Charles took this hint as it was meant, and gave orders that Liége was to be set on fire, and every building of stone, except the churches and the houses of the clergy, pulled down. These orders were carried out to the letter. The flames consumed row after row of houses, and any edifice not made of wood was undermined by the pickaxes of an army of workmen who laboured for seven weeks, till at last nothing remained of Liége but churches and the dwellings of the priests standing forlorn amidst a heap of smoking ruins. While the work of destruction was in progress Charles embarked for Maestricht, sent the Pope's legate back to Rome with the news of what had befallen the bishopric of Liége, and, having ravaged all the country for miles around, departed for his own dominions.

The years passed on, and at last there came a time when the voice which shouted 'Vive Bourgoyne!' in Liége was silent, the sword fallen from the hand which had waved it as a signal for the massacre, and the proud head of the conqueror brought very low. On Tuesday, January 7, 1477, two days after the fight at Nancy, in which Duke René of Lorraine had defeated the Burgundian army, a young page, Jean Baptiste Colonna, son of a noble Roman house, was guiding a party who were searching for the body of Charles the Bold to where he thought he had seen his master fall during the battle. Not far from the town, near the chapel of St. Jean de l'Atre, they found a heap of dead men lying naked among snow and ice and frozen blood in the bed of a small stream.
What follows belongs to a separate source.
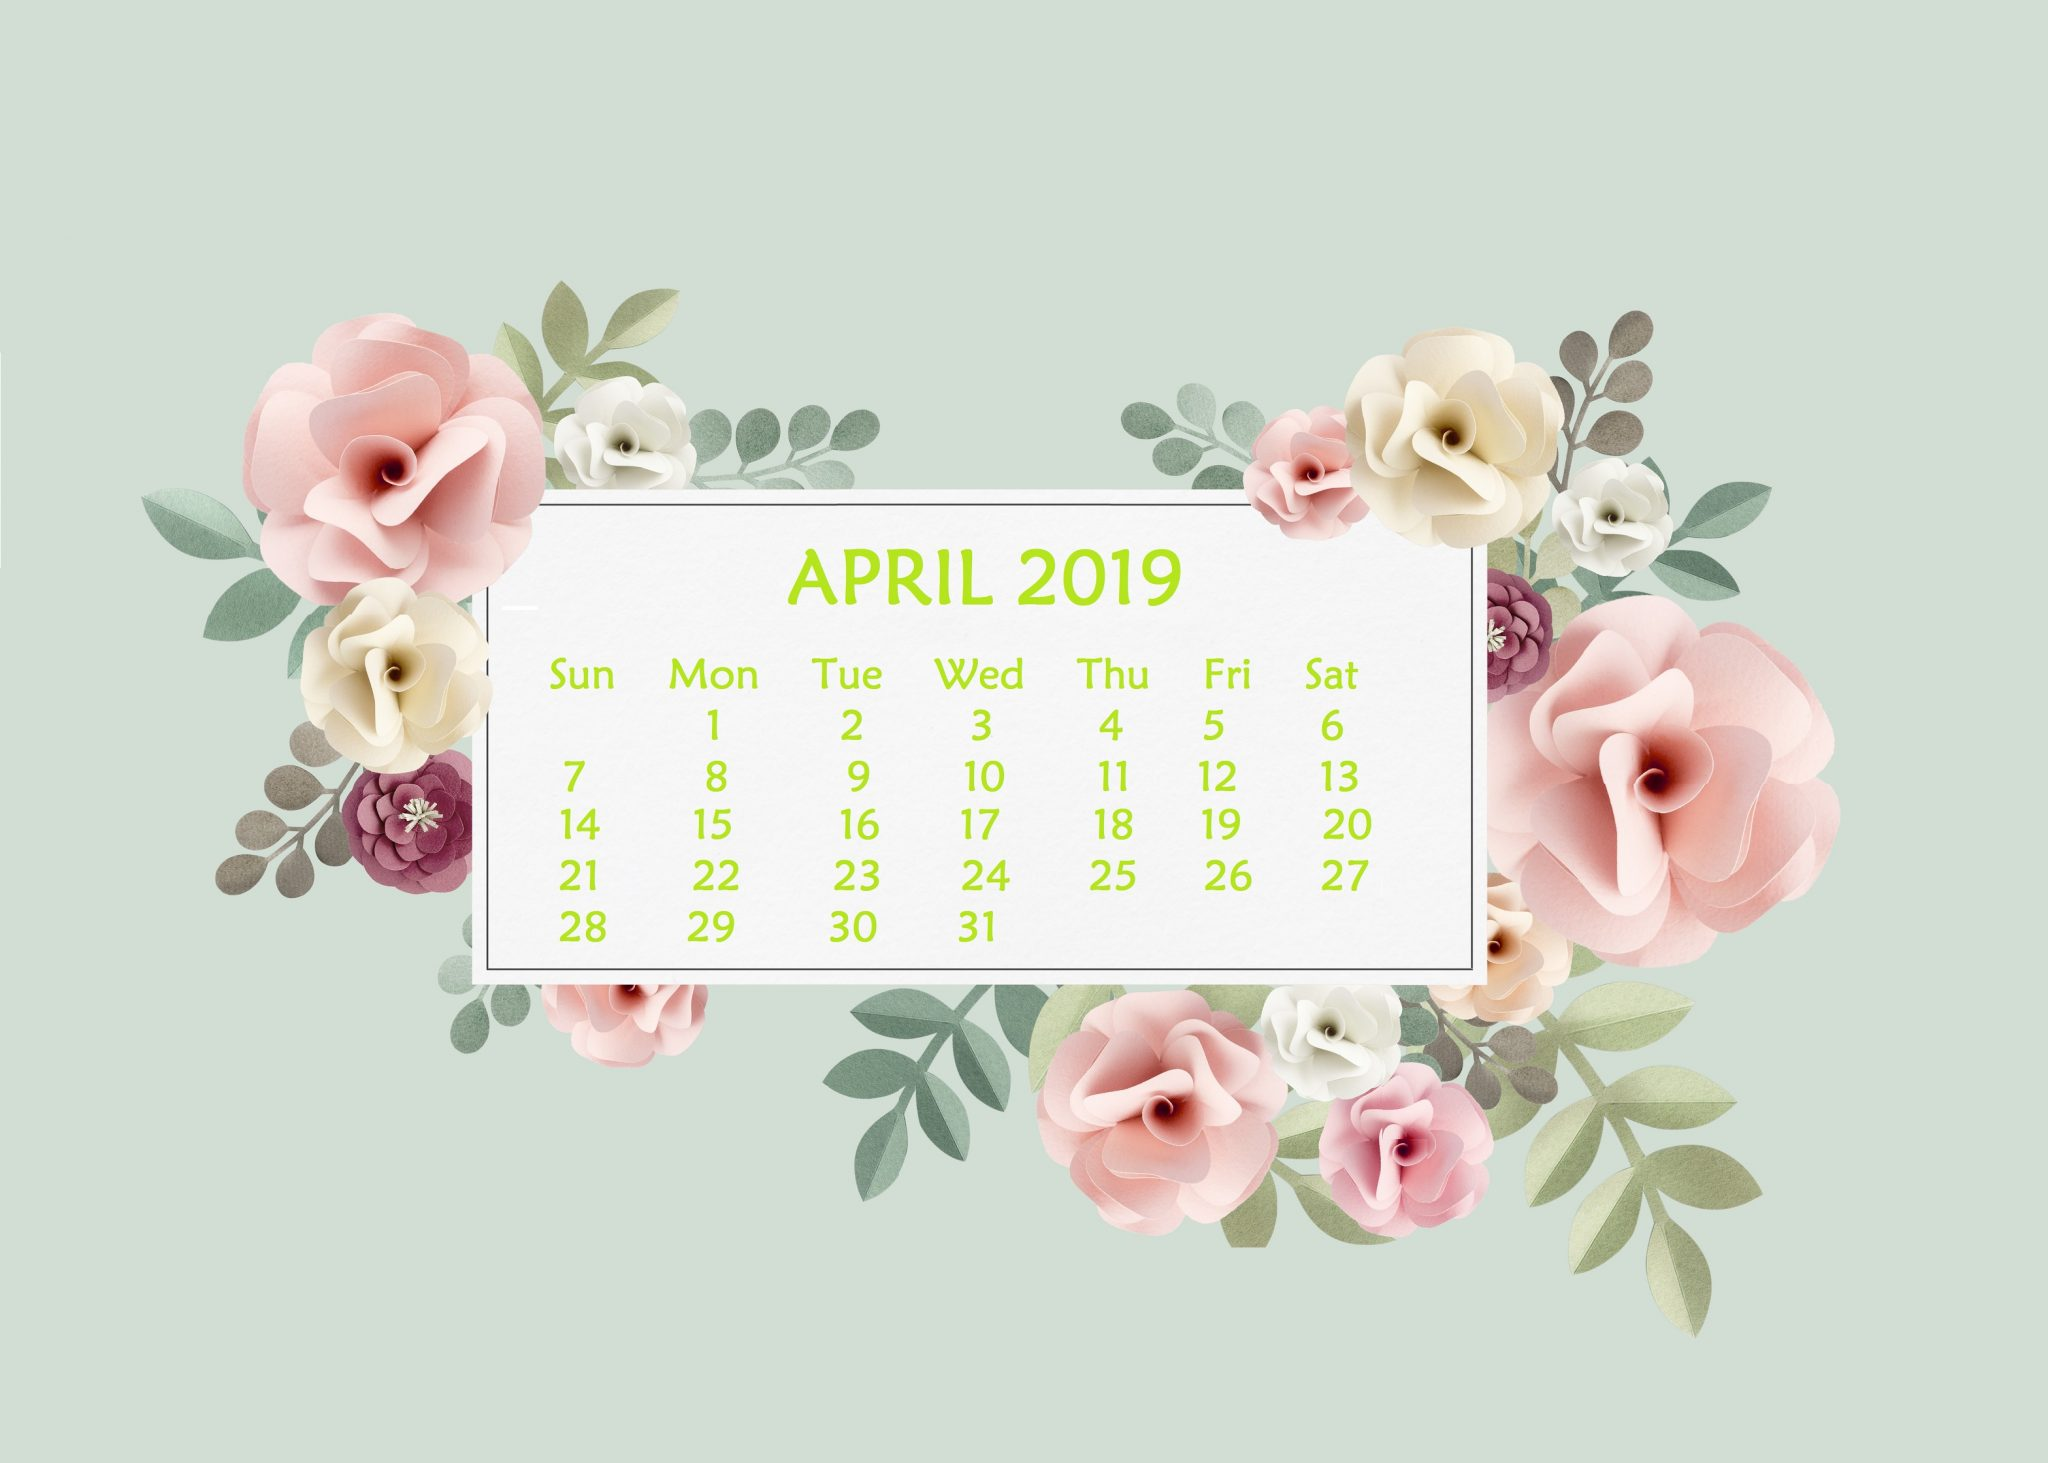 April 2019 Desktop Wallpaper With Calendar - April 2019 Calendar Computer Background , HD Wallpaper & Backgrounds

One of the searchers, a poor washerwoman who had served in the Duke's household, saw a ring which she recognized on a finger of one of the corpses, and exclaimed: 'Ah! Mon Prince!' When they raised the head from the ice to which it was frozen the skin of one cheek peeled off. Wolves or dogs had been gnawing the other. A stroke from some battle-axe had split the head down to the chin. But when the blood had been washed from the disfigured face it was known, beyond all doubt, for that of Charles the Bold.
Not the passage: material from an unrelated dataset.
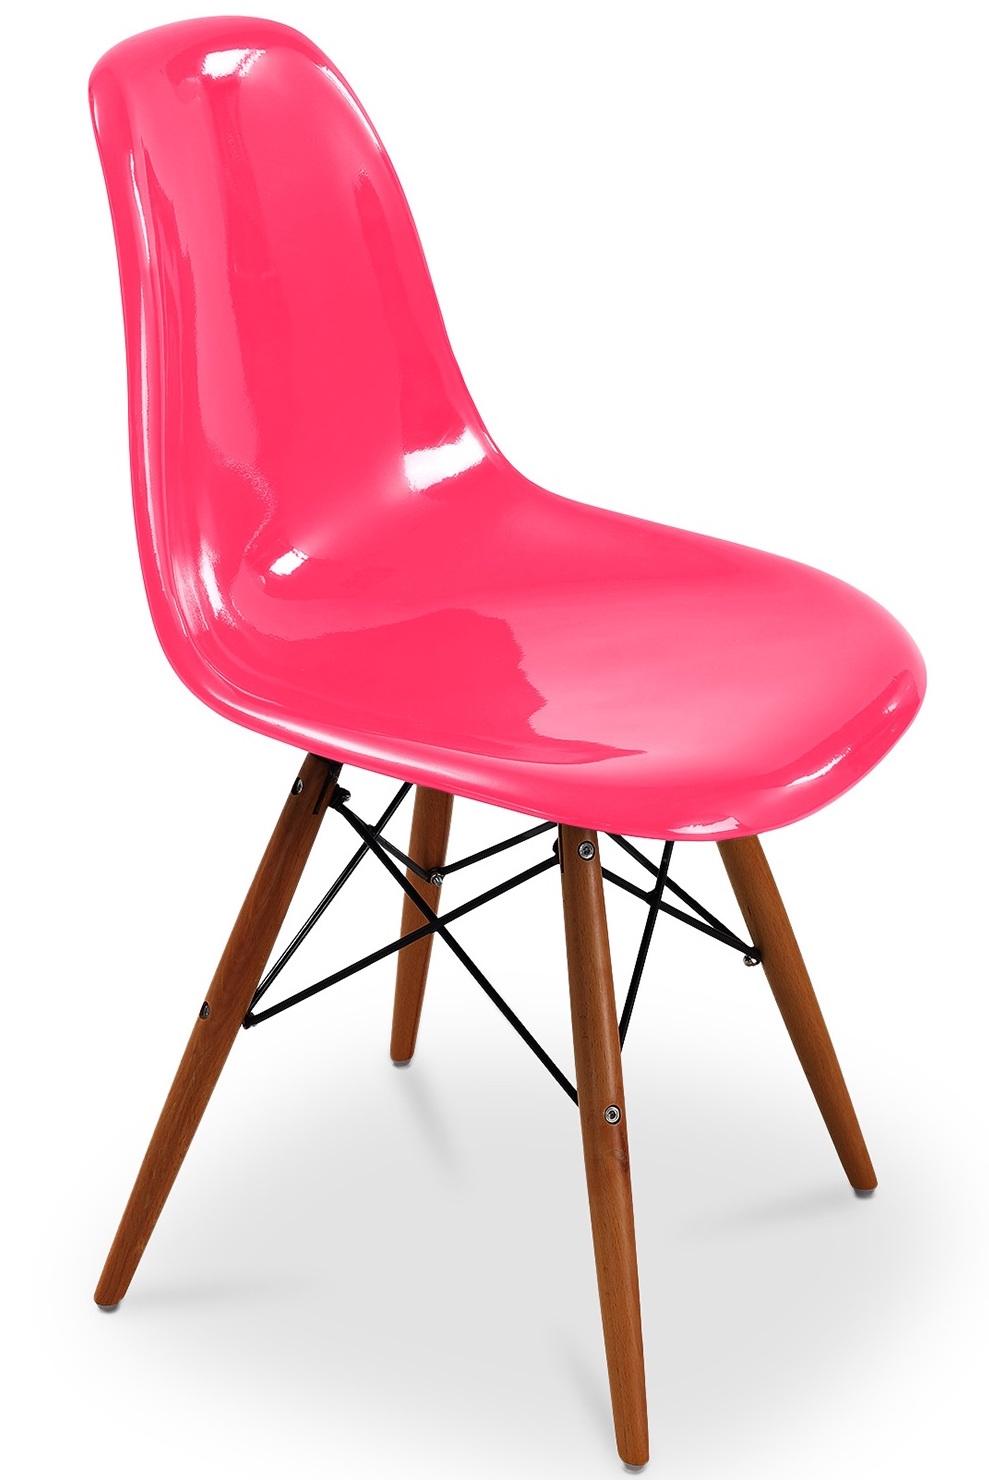 chaise en fibre de verre fuchsia brillant inspir 233 e dsw lestendances fr

They buried him before the altar of St. Sebastian in the Church of St. George at Nancy, where the body of the great warrior remained till 1550. when, in the reign of Charles V., it was carried into Flanders, and laid beside that of his daughter Marie in the choir of Notre Dame at Bruges.


CHAPTER XXII
THE WILD BOAR OF ARDENNES

Though the churches and the houses of the clergy had been left standing, in accordance with the orders given by Charles the Bold in 1468, the town of Liége was ruined. After a time, however, those who had escaped with their lives began to return, and by degrees a new Liége arose. The Principality also recovered to some extent; but its prestige was so much diminished in the eyes of Europe that an alliance with the bishops was no longer, as of old, an object of ambition to other states.
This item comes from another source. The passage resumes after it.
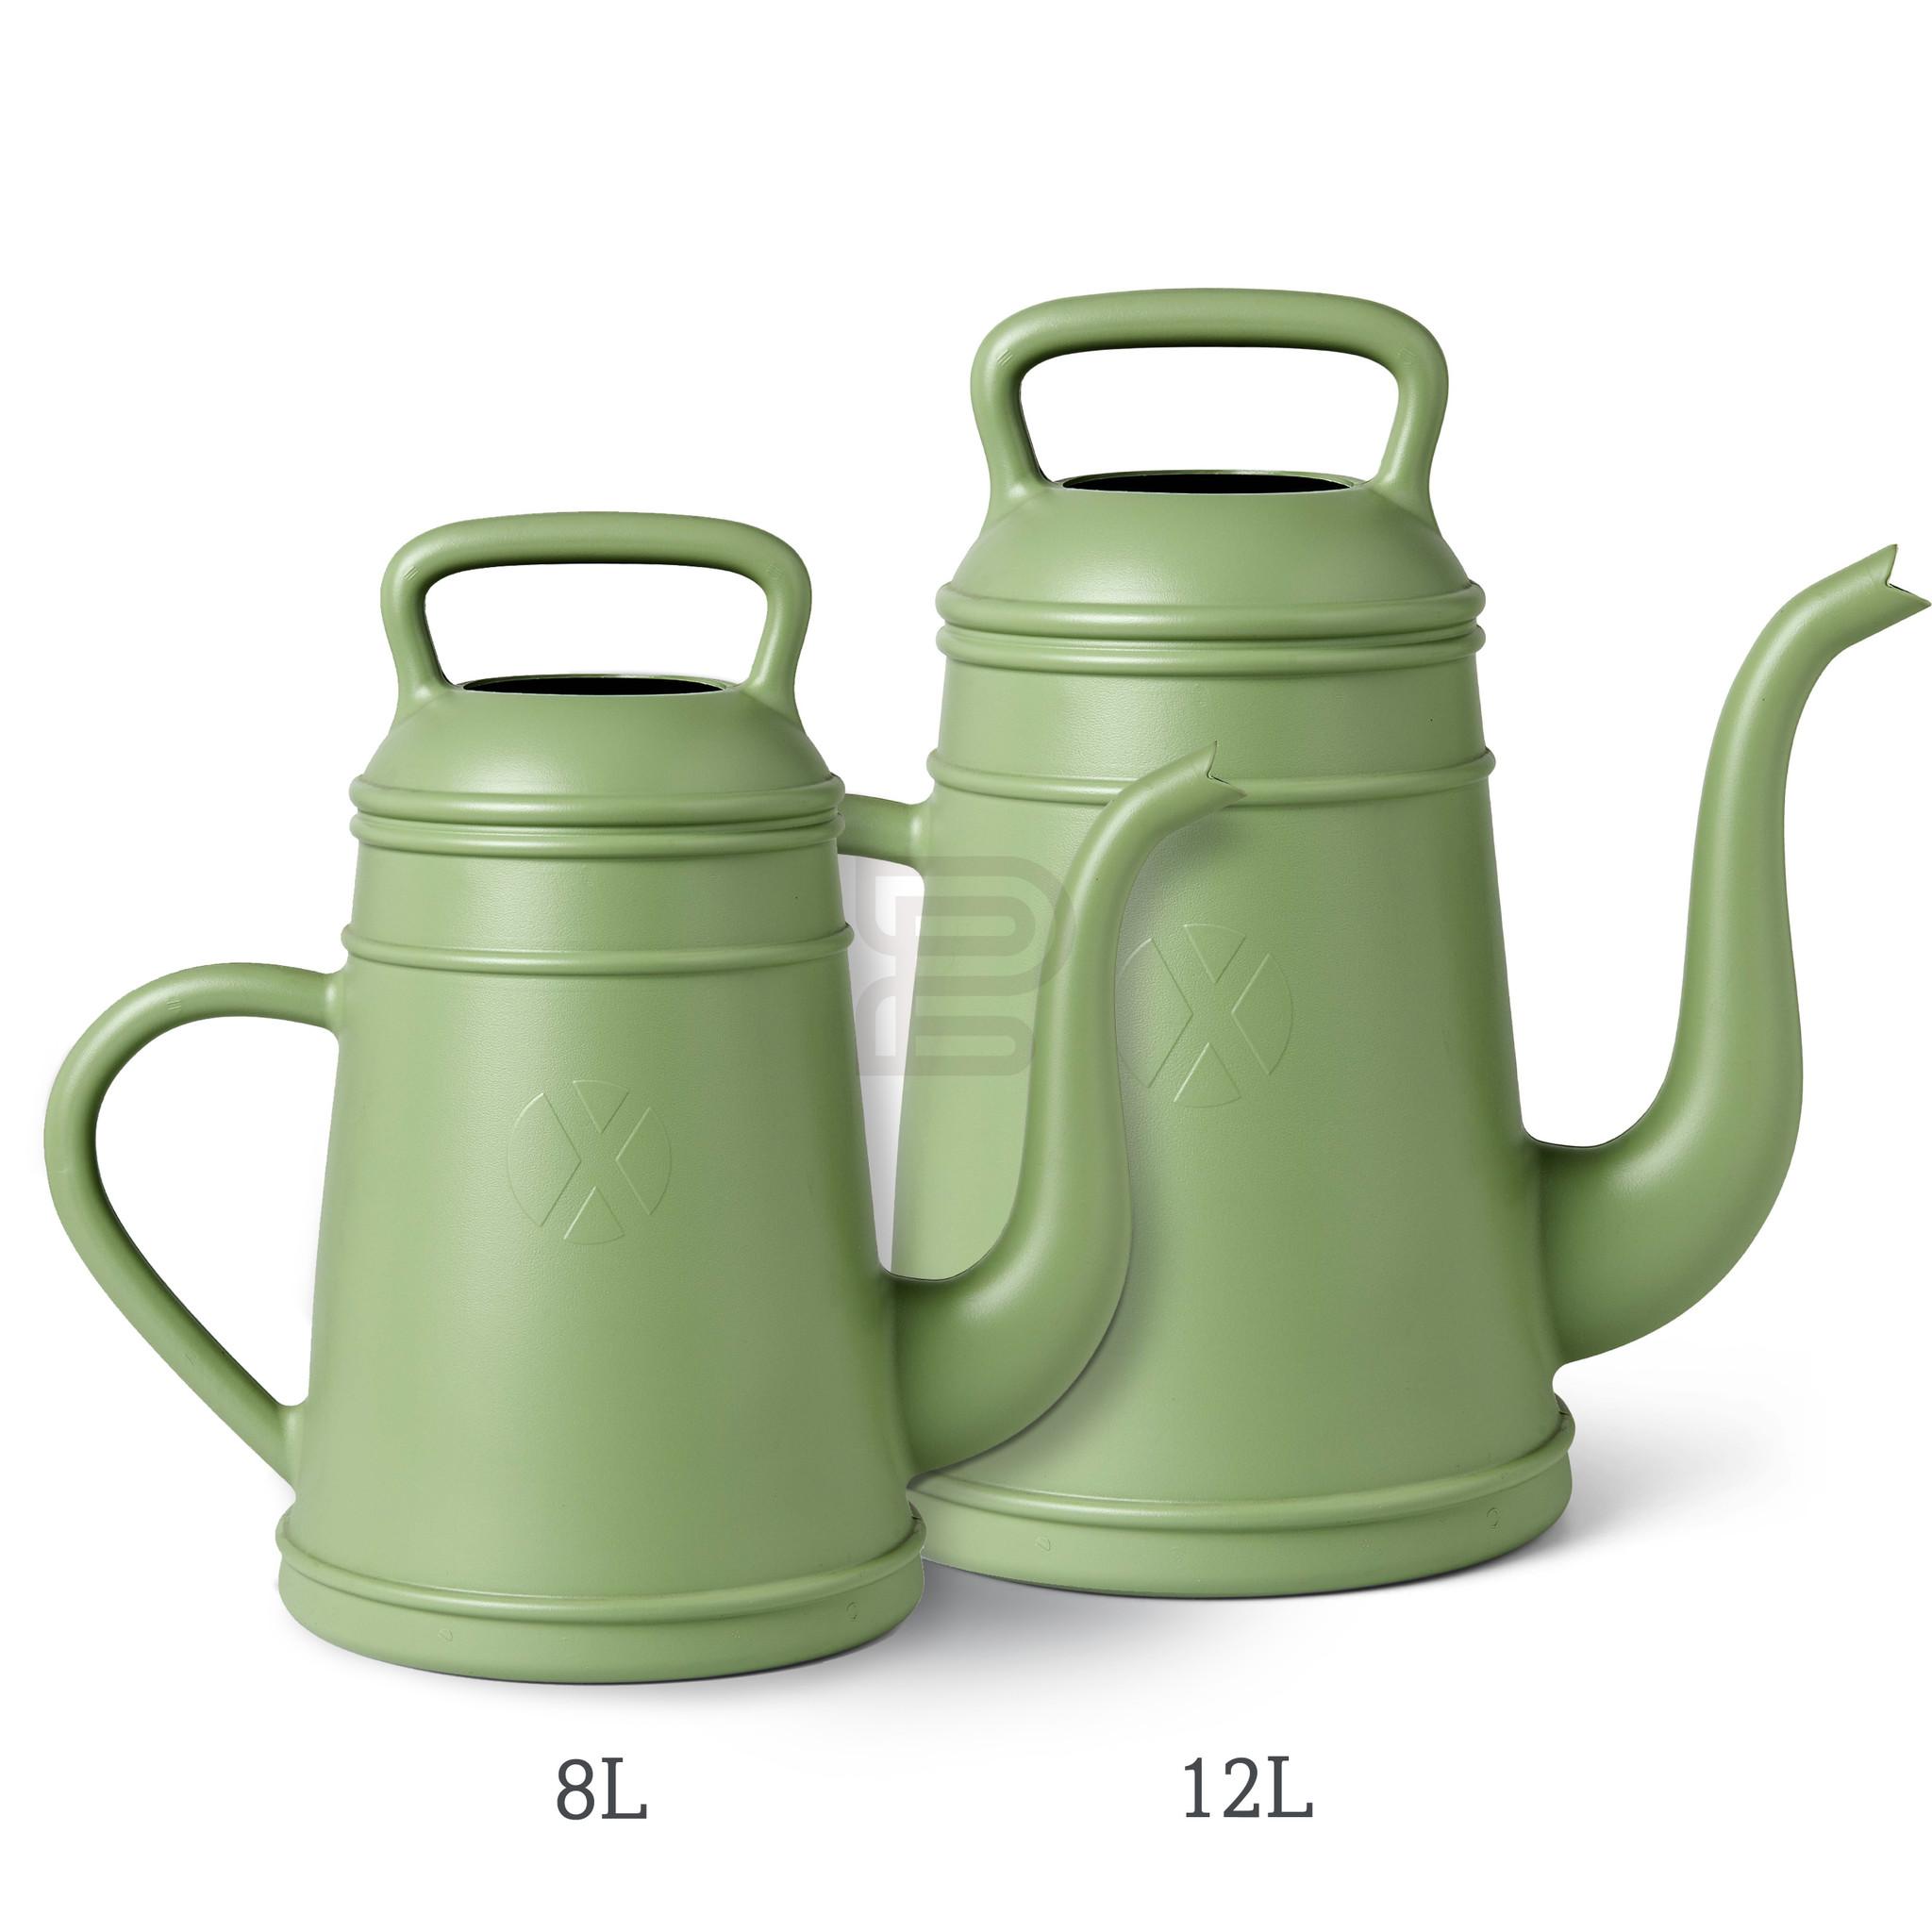 Xala Xala Gieter Lungo Old Green - Gieter groen 8 & 12  Liter

On the death of Charles the Bold Louis de Bourbon, who was still Bishop, made up his mind to devote himself in future to the government of his Principality. As uncle of the young Duchess Marie, who was the only daughter of Charles by his second wife, Isabelle de Bourbon, he had sufficient influence at the Court of Burgundy to obtain important concessions in favour of Liége. A yearly tribute of 30,000 florins, which the late Duke had exacted, was remitted, and the Liégeois were promised the restoration of their ancient charters and privileges. The Perron, to the possession of which the people attached great importance, was sent back from Bruges, and the townsmen showed their gratitude to the Bishop by voting him a substantial sum of money.

When he came to Liége, among the first to greet him was William de la Marck, head of the ancient house of Arenberg. Two of his ancestors had been Bishops of Liége, and the family was one of the greatest in the Principality. This William de la Marck had been a warrior from his youth. He was one of the handsomest men of his time, but to make himself an object of fear to his enemies he wore a long shaggy beard, and imitated the ferocious manners of the brigands who had from time immemorial haunted the most inaccessible part of the Ardennes. On his coat of arms there was the head of a wild boar, and, either for that reason or because of his fierce character, he was nicknamed the Wild Boar of Ardennes.